Every major AI lab has published guidance on how to build agents. Anthropic's "Building Effective Agents," Google's multi-agent patterns, Microsoft's orchestration architecture --- the knowledge is out there. But most of it is buried in long whitepapers, and the signal-to-noise ratio is not great.
Here are the 5 patterns that matter, distilled from all three sources.

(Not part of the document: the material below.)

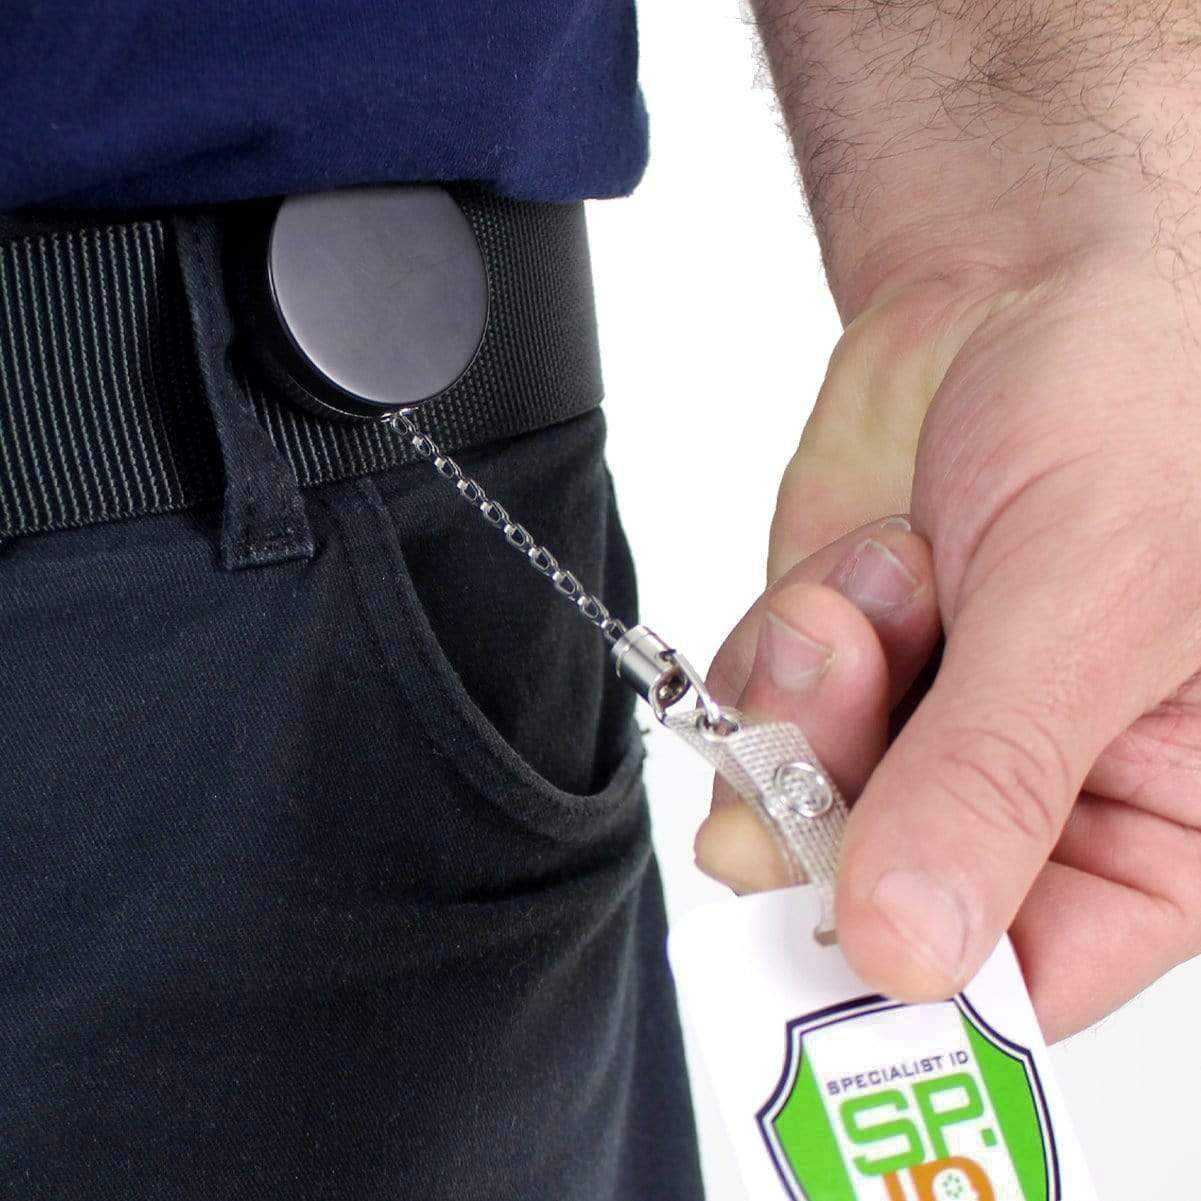 A person wearing a black belt clips a Heavy Duty Badge Reel With Chain (P/N 2120-3375) to their belt loop, holding an ID card with a Specialist ID logo.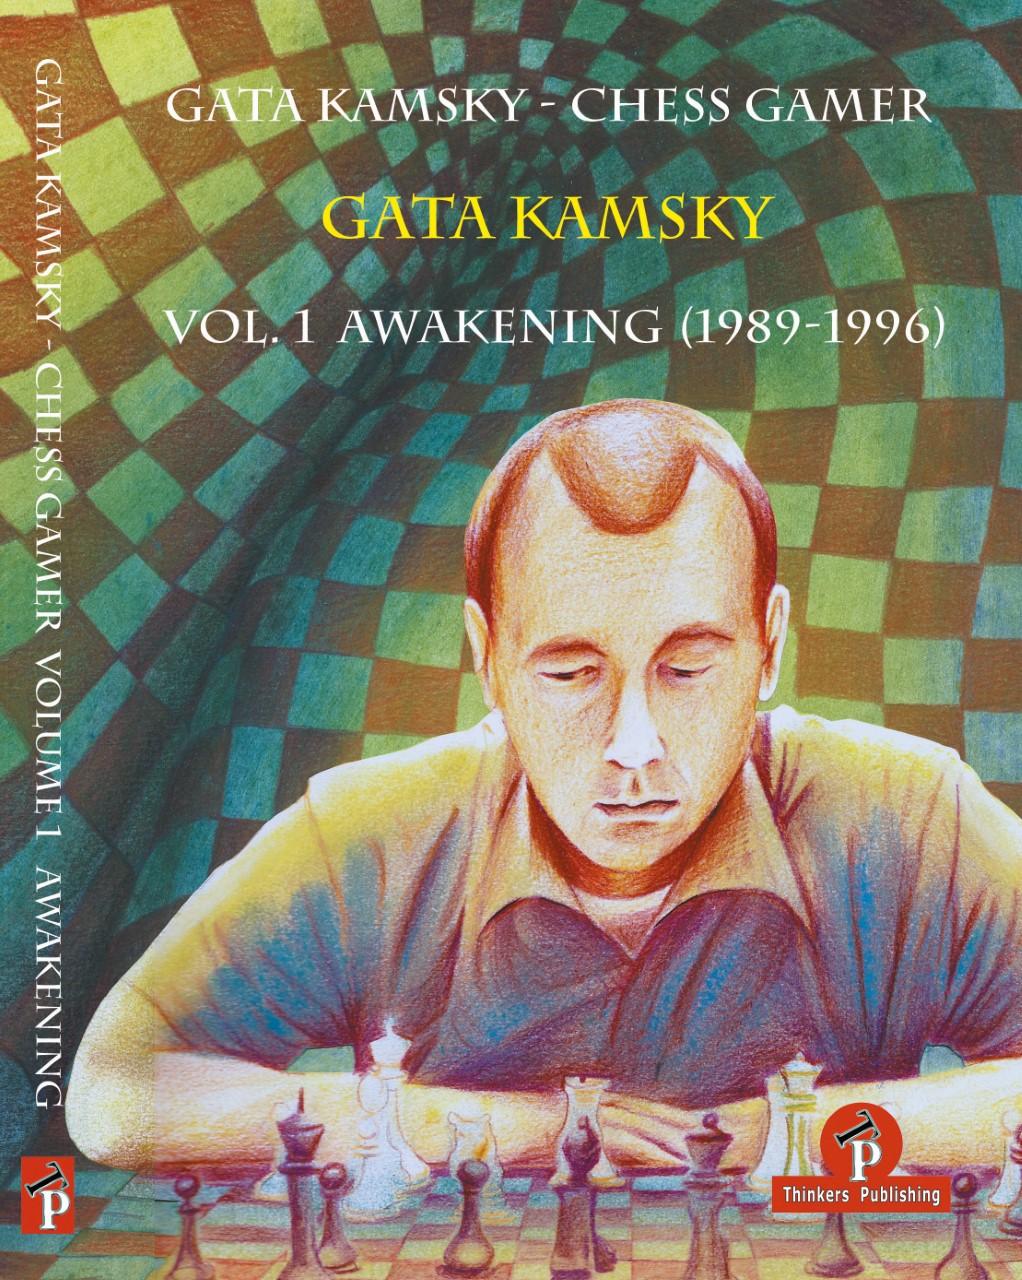 My Best Games - Chess Lessons from My Legacy, Volume 1: 1989-1996: Chess Lessons from My Legacy, Volume 1: 1989-1996 - Kamsky, Gata

Ordered from simplest to most complex. With clear decision criteria for when to use each one. And --- critically --- the anti-patterns that will waste your time if you choose wrong.
Key Takeaways
- Anthropic's core principle: "Start with the simplest solution. Don't build an agent when prompt chaining will do."
- Most production systems only need patterns 1-3. Patterns 4-5 are for genuinely complex problems.
- The #1 anti-pattern is reaching for multi-agent orchestration when a single well-prompted call would work
- Every pattern has a clear "use this when..." decision point. If you can't articulate why you need the pattern, you probably don't.
Short Answer
Which pattern should I use? Start with the simplest one that works. If a single LLM call solves your problem, stop there. If you need multiple steps, use prompt chaining. If inputs need different handling, add routing. Only reach for orchestrator-workers or evaluator-optimizer when simpler approaches have demonstrably failed. Anthropic, Google, and Microsoft all agree on this hierarchy.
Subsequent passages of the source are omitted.